I have had people ask me the following questions:
· Why would you want to move back to Selma?
· Why would you want to work at a church when you could be making more money somewhere else and not working on Sunday?
· Why? Why? Why?
My overwhelming response is, how can I say no even if I wanted to?
Many times in my 24 years of existence as a human being, I have more than tried to ruin my life. At one point, I was on a direct course for the destruction of my life. For people on the outside looking in, I was nothing more than an irresponsible, immature boy, who acted like most others my age. To them I wasn’t an angel, but I surely wasn’t the devil either.
Inside of me was a different story completely. My heart had become hard and black. I treated my parents and friends badly, but nothing compared to the way I treated my physical and emotional well-being.

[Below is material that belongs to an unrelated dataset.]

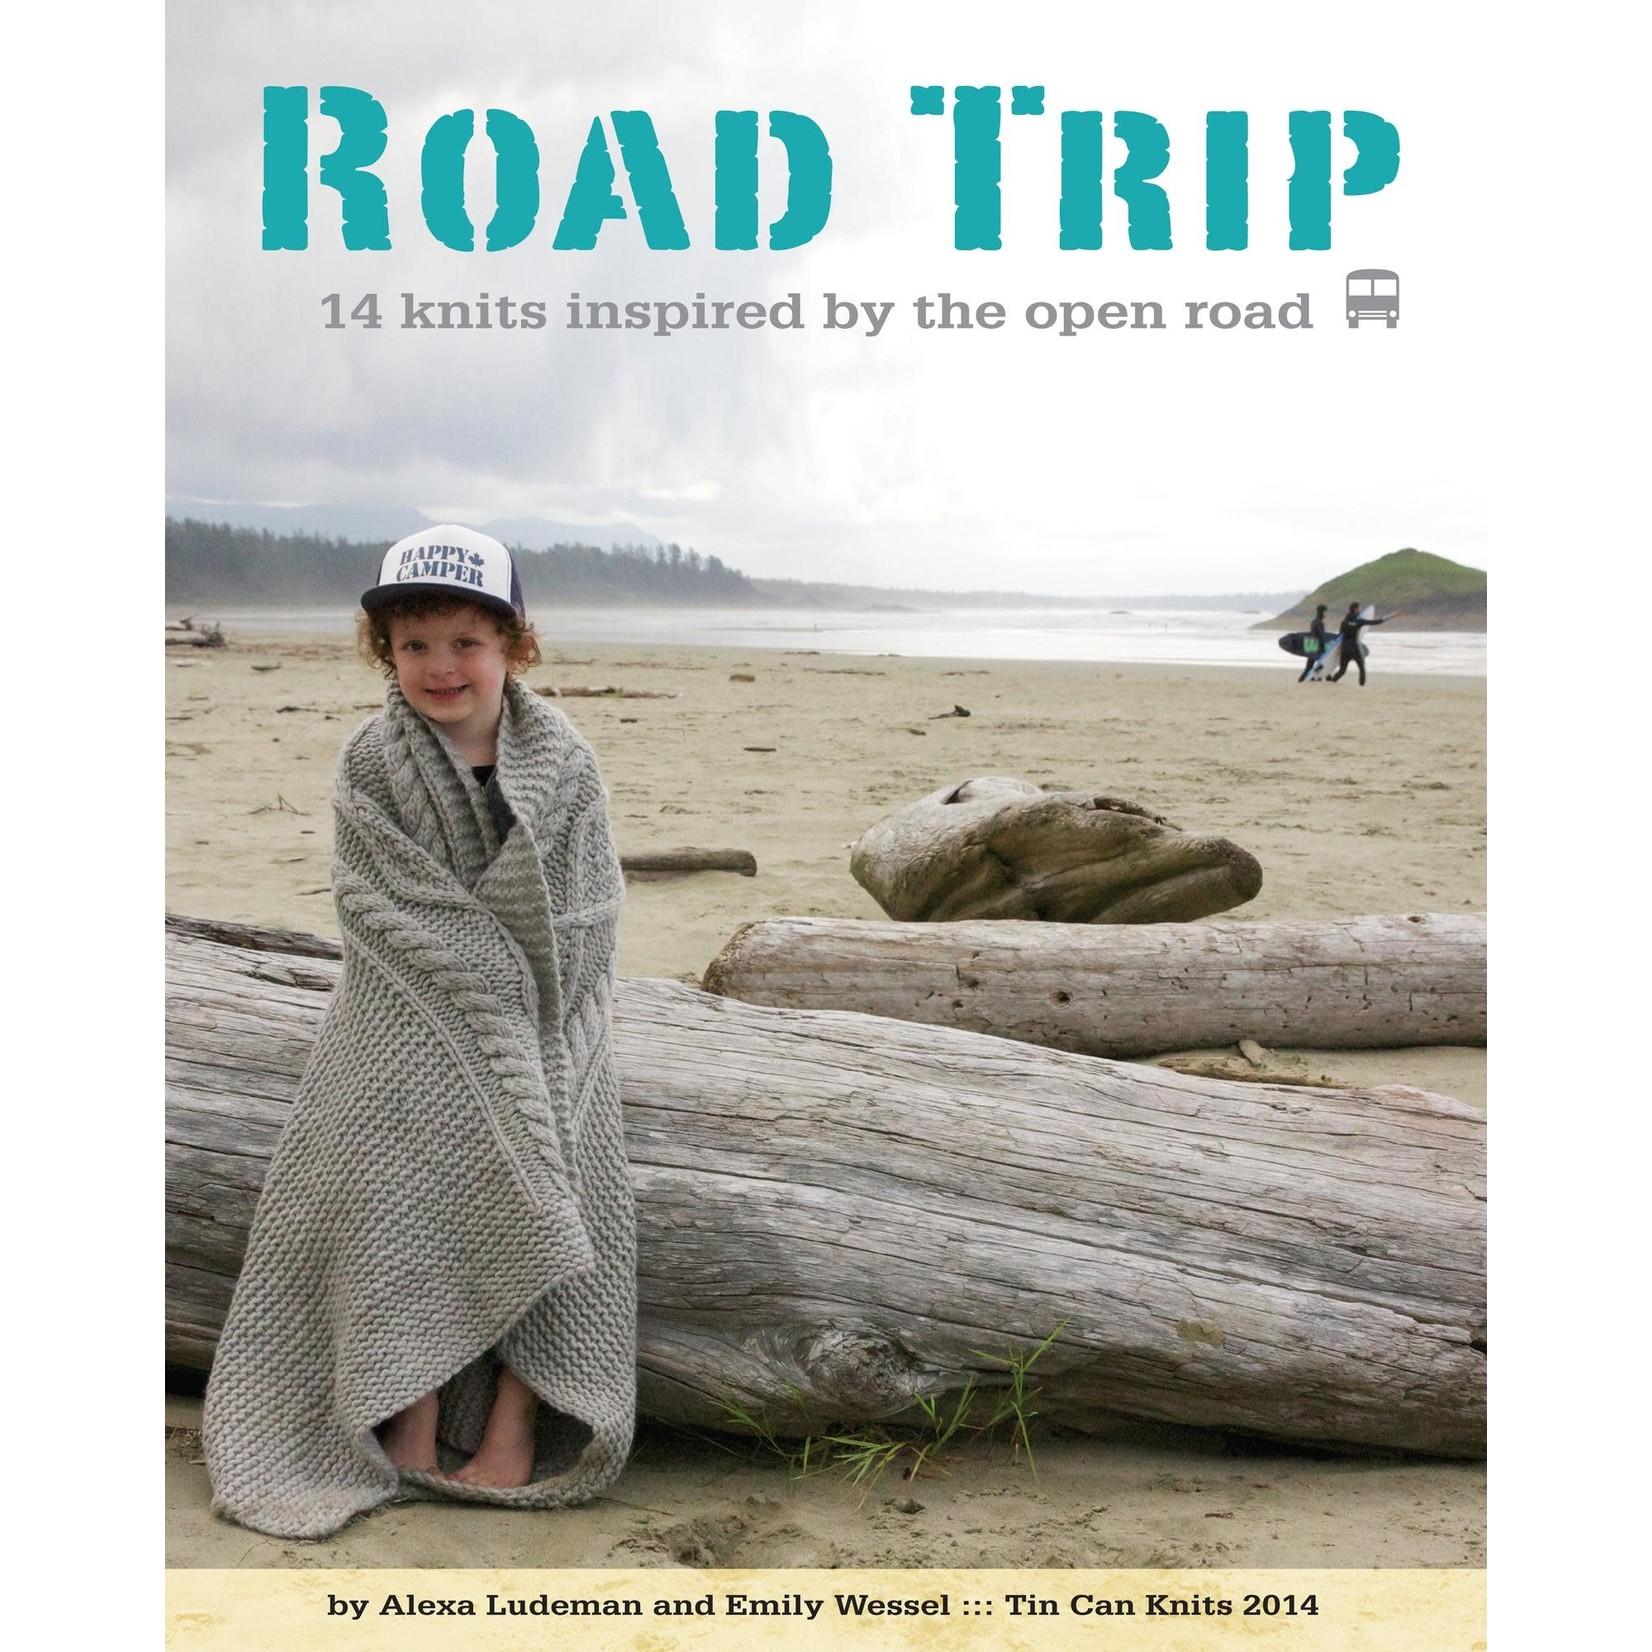 Tin Can Knits Road Trip
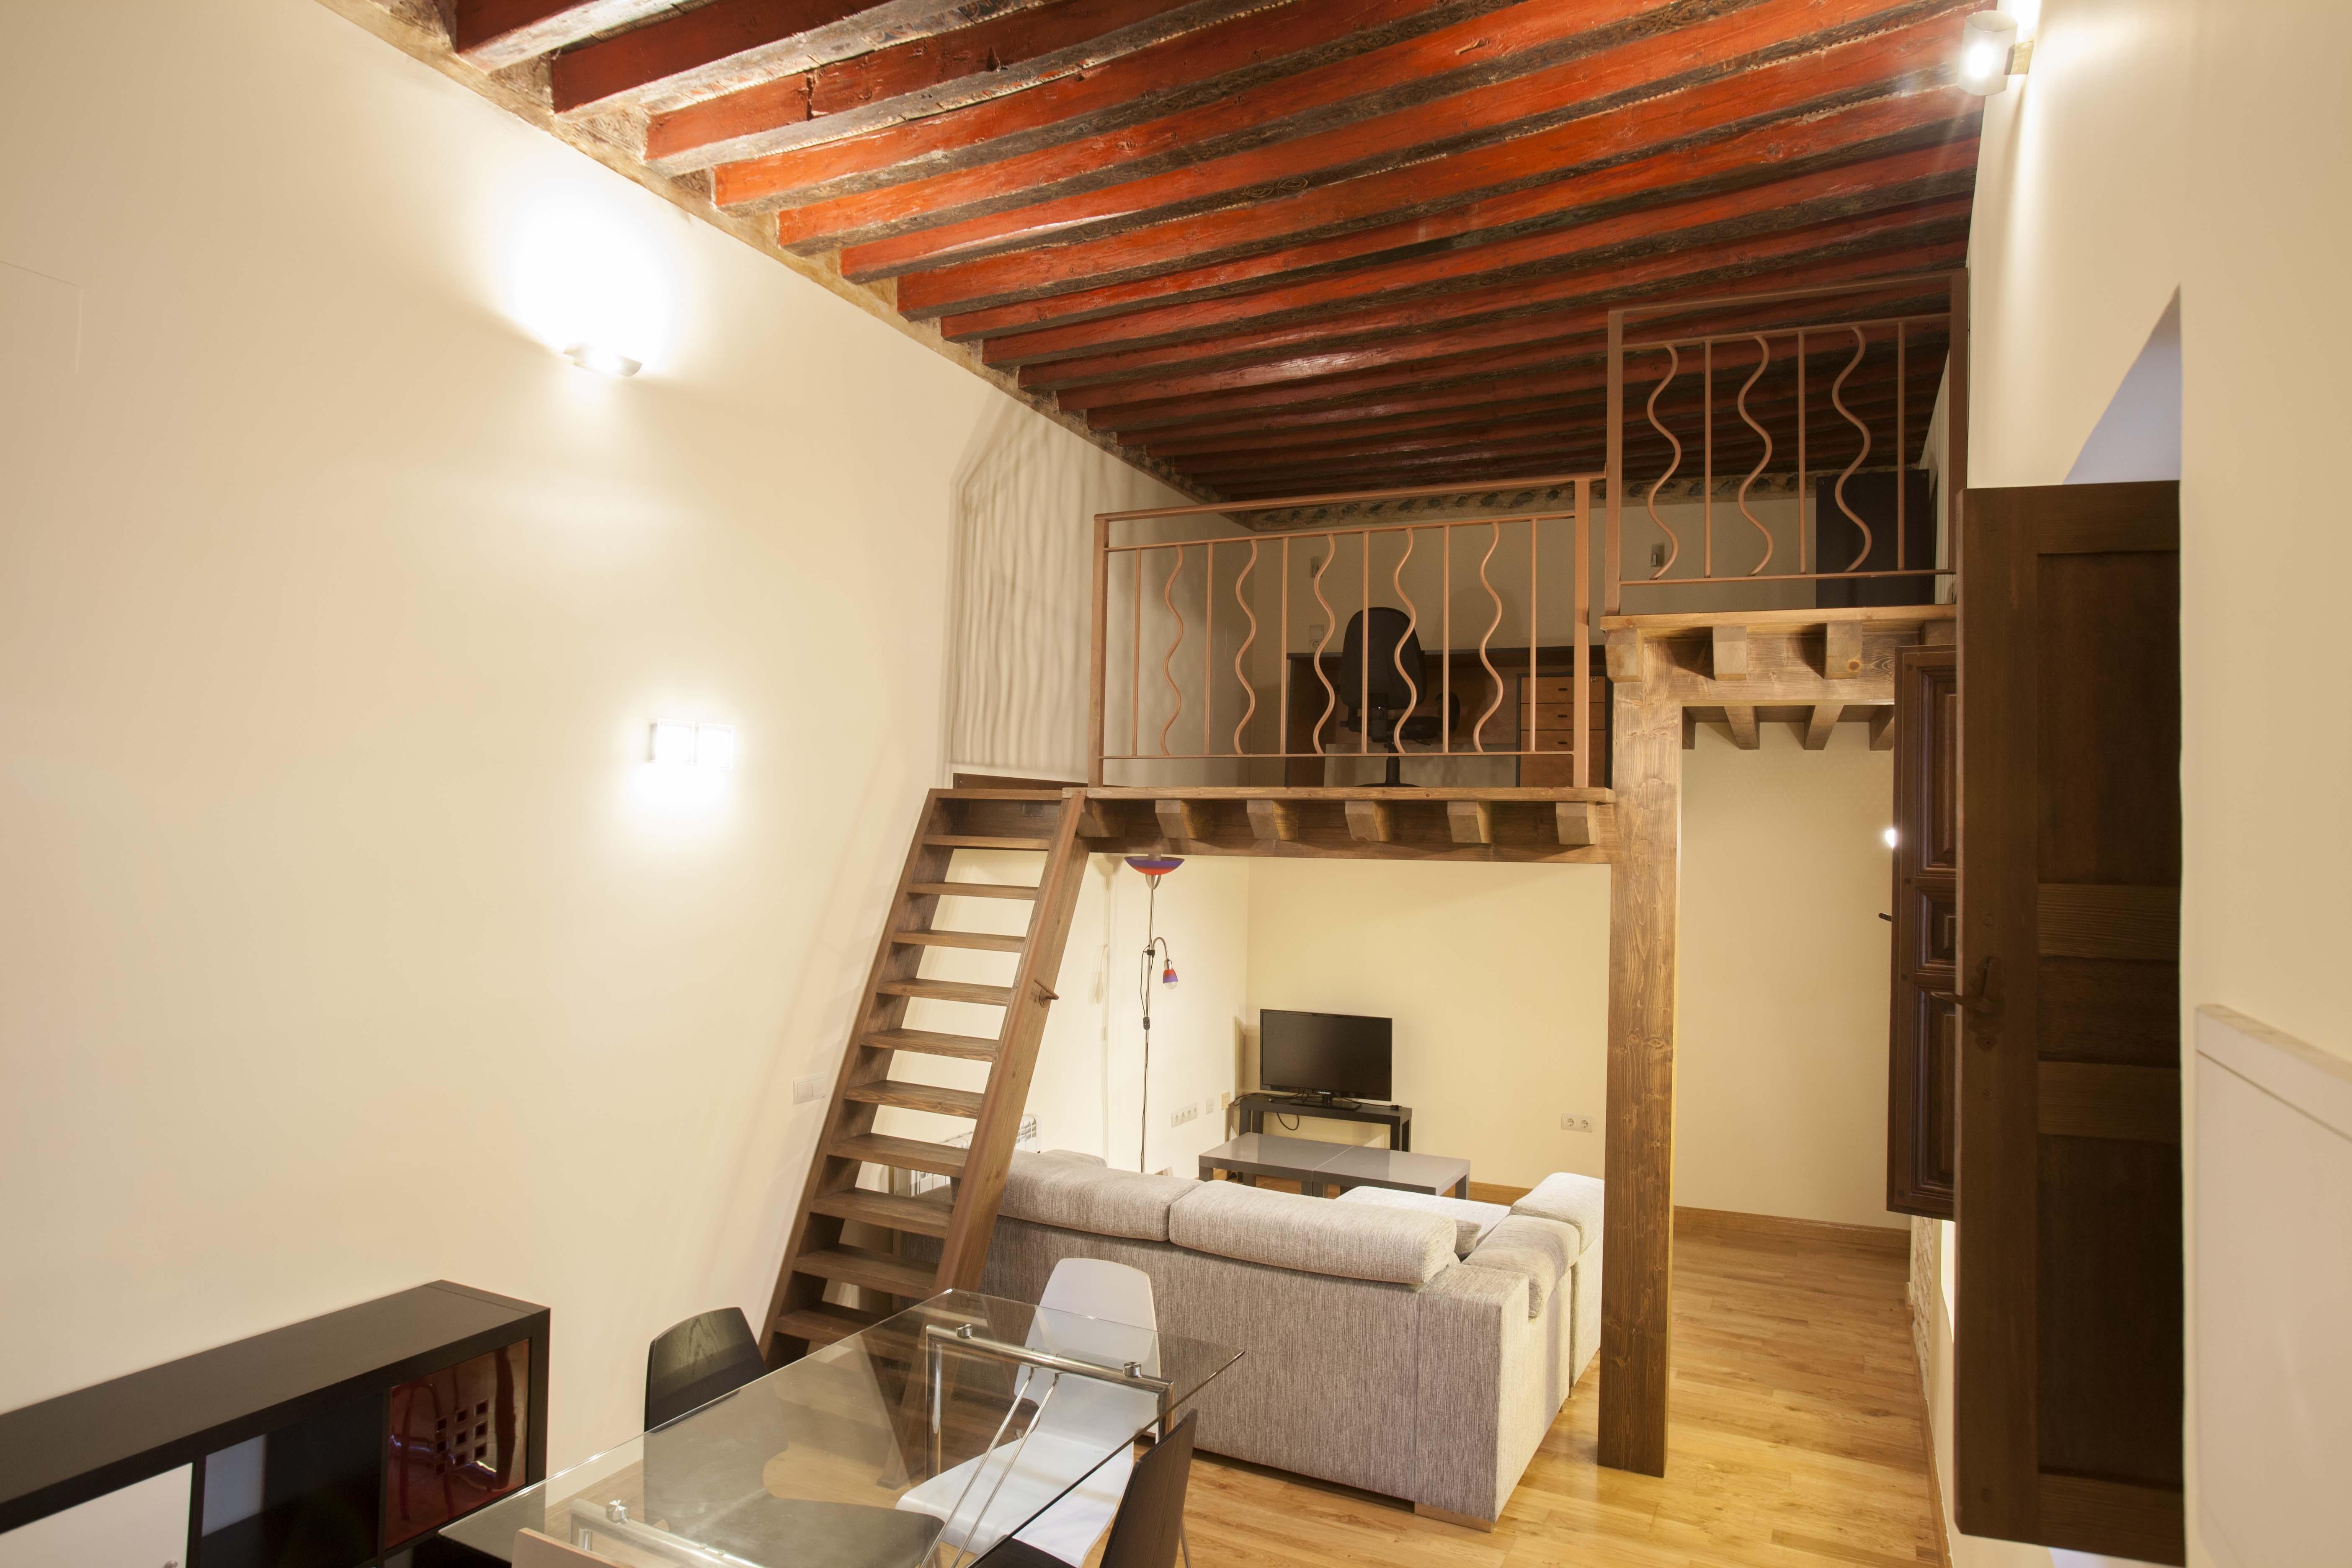 C/ Silleria (Casco Histórico)

In my darkest of times, when I knew I could go on no further, that is when it happened. Jesus had given me life so many years ago to only watch me completely throw it away. He was always there, always calling, always encouraging….all of His words seemed to fall on deaf ears. And now, at the culmination of my selfish life where I did nothing but throw away the gift He so preciously bought for me, He was there. He did not show up with a spirit of condemnation, but one of acceptance and compassion. Exactly like the father of the lost son (Luke 15), He came running to greet me with a hug and a kiss. He had reached out to me in the darkness of my life and had come to MY RESCUE!
He has been, is, and will always be “my Rescuer.”
How can I possibly say no to anything He asks of me?